WHAT THE TASK REQUIRES>
Everything in the records below from the line containing "A rare Liverpool-printed" through the line containing "Piroca GenCKen 6" is to be reproduced exactly, those two lines included; no picture is to be copied.

GIVEN RECORDS>

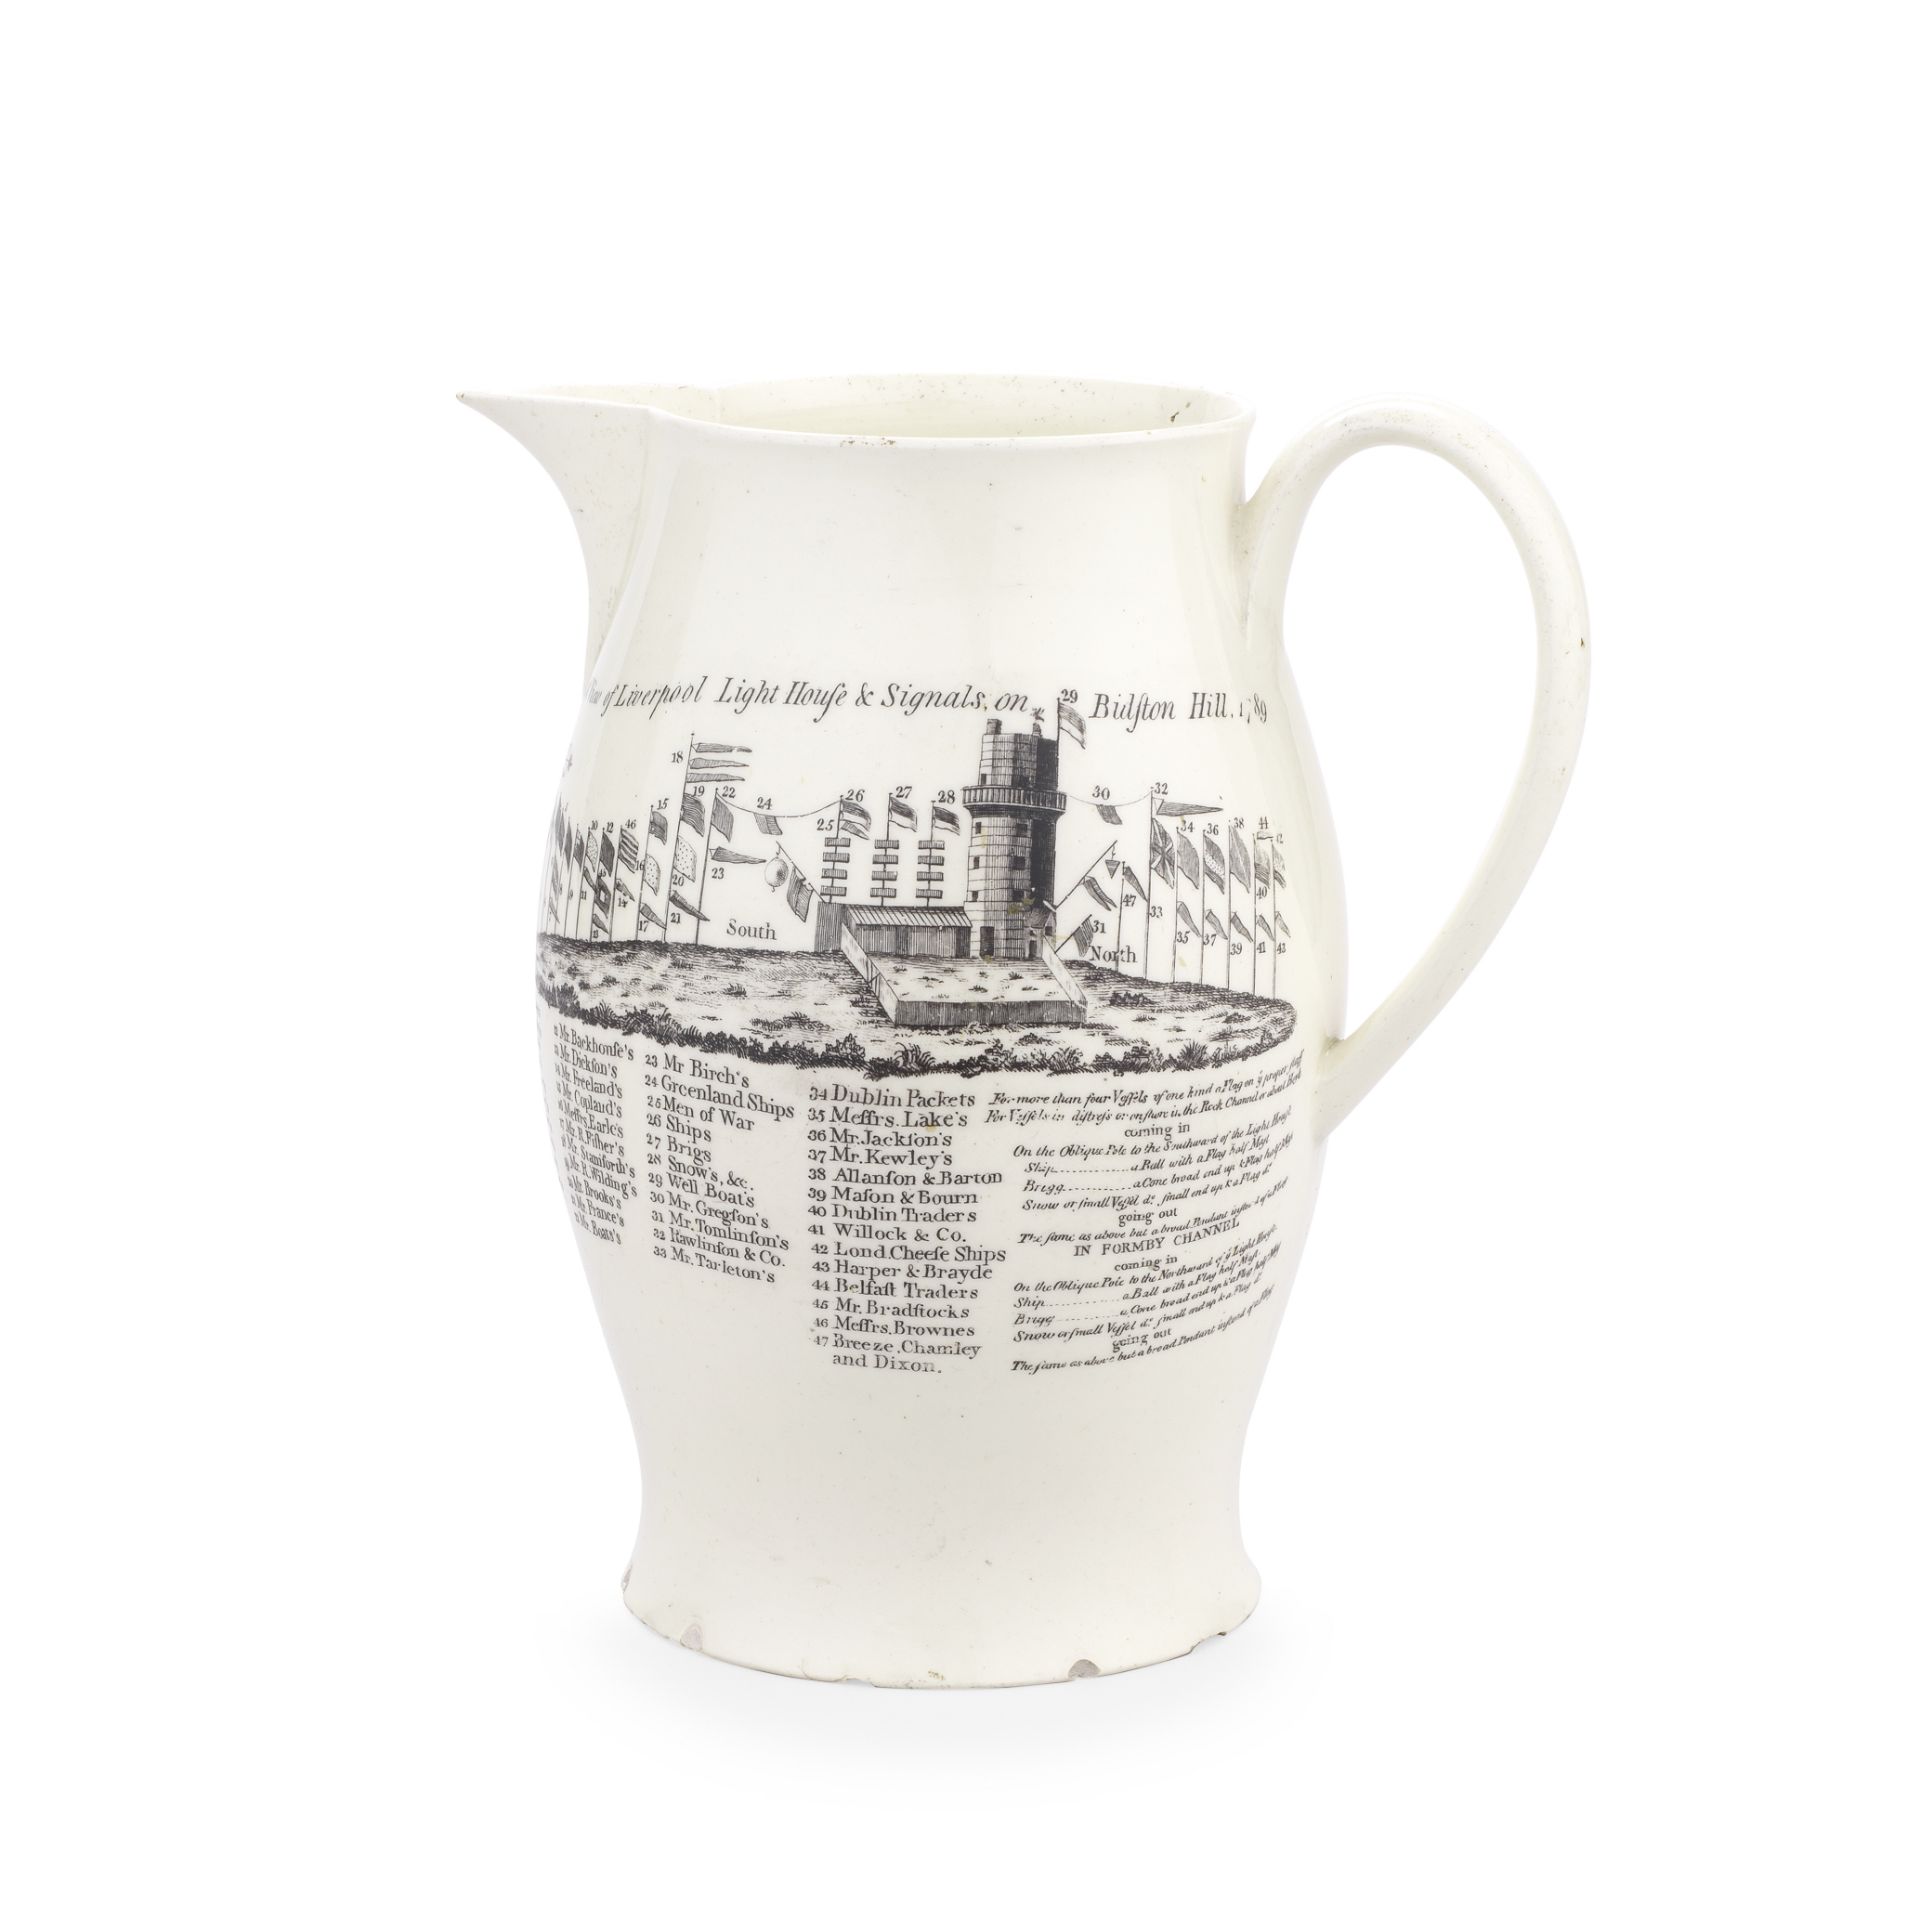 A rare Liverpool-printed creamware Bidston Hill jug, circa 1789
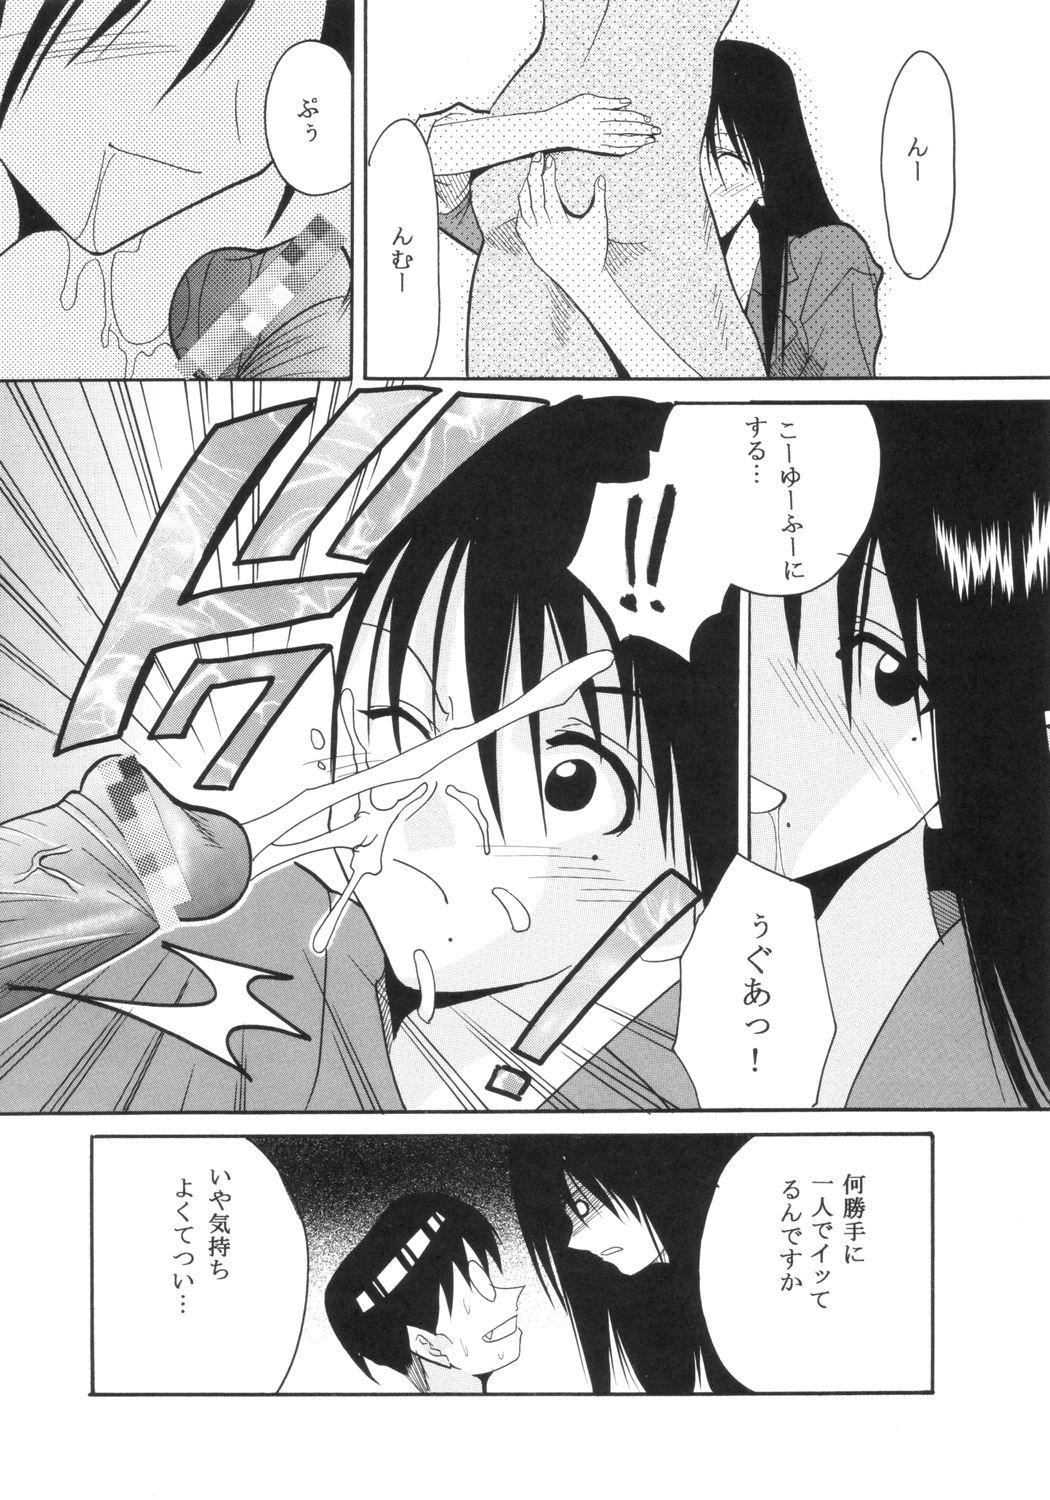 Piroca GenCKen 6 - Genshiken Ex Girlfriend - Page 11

---

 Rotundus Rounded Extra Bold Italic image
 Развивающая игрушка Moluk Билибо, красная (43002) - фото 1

EXPECTED ANSWER>
 A rare Liverpool-printed creamware Bidston Hill jug, circa 1789
 Piroca GenCKen 6 - Genshiken Ex Girlfriend - Page 11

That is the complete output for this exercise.